Controllable and Large-Scale Preparation of High-Purity Nano-Silicon and Its Electrochemical Performance

Silicon (Si) has become one of the hot spots in the research of anode materials in lithium-ion batteries (LIBs) for its highest lithium intercalation capacity among known elements. However, the large volume expansion (similar to 300%) of Si due to the lithium intercalation restricts its application in LIBs. Nano-crystalized is an effective solution to resolve the volume expansion. In this study, nano-Si which can be used for high energy storage lithium-ion battery was prepared from metallurgical Si by two steps method of high-energy electron beam evaporation and deposition and mechanical grinding.
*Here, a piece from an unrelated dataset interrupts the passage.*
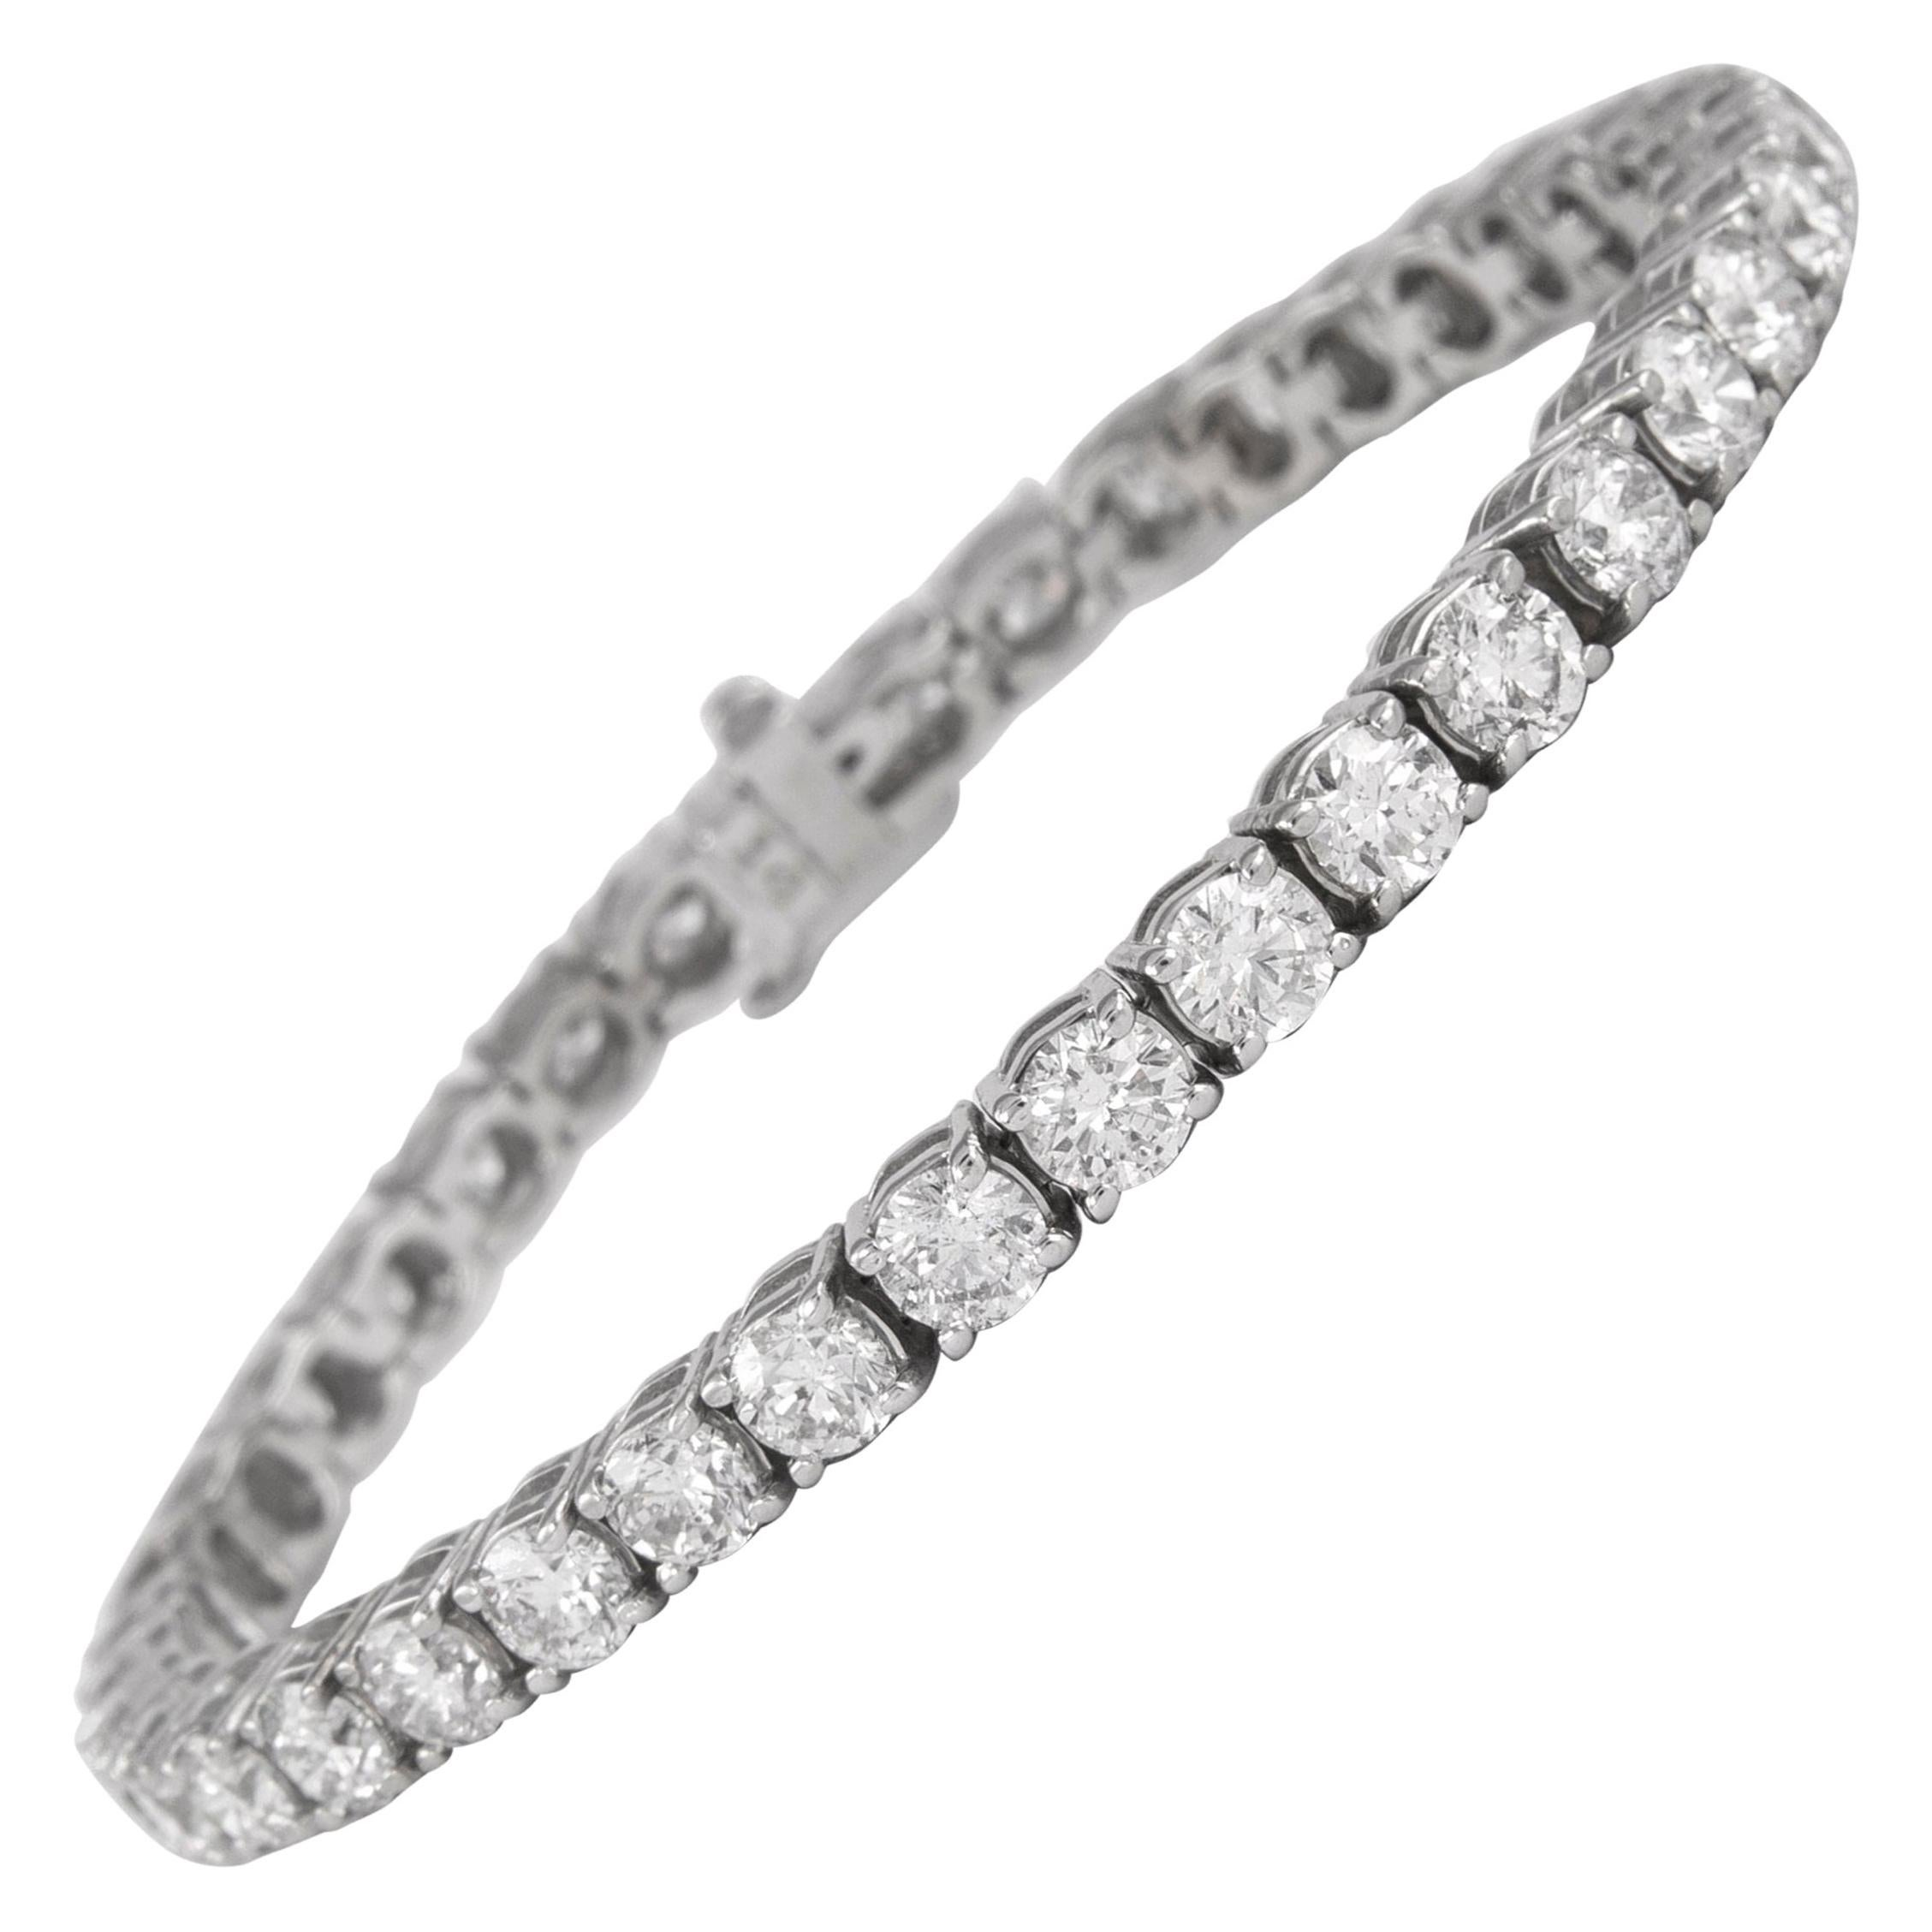 Alexander 10.41 Carat Diamond Tennis Bracelet 18 Karat White Gold

According to scanning electron microscopy (SEM) observation, the molten Si deposits into Si nanofibers with a linear diameter of about 40 nm after evaporation under the action of high-energy electron beam, and then the nanofibers gather into Si nanobundles. And the size distribution of nano-Si particles is uniform after mechanical grinding. The results of electrochemical tests show that the first reversible capacity is 1292.4 mAh/g, and the charge transfer impedance fitting value is 51.36 Omega, under the condition of the nano-Si purity reaches more than 99.96% and the discharge density is 100 mA/g. The experimental result indicates that this method can be applied to the controllable and large-scale preparation of nano-Si, and has certain guiding significance for Si in the future industrial production of LIBs.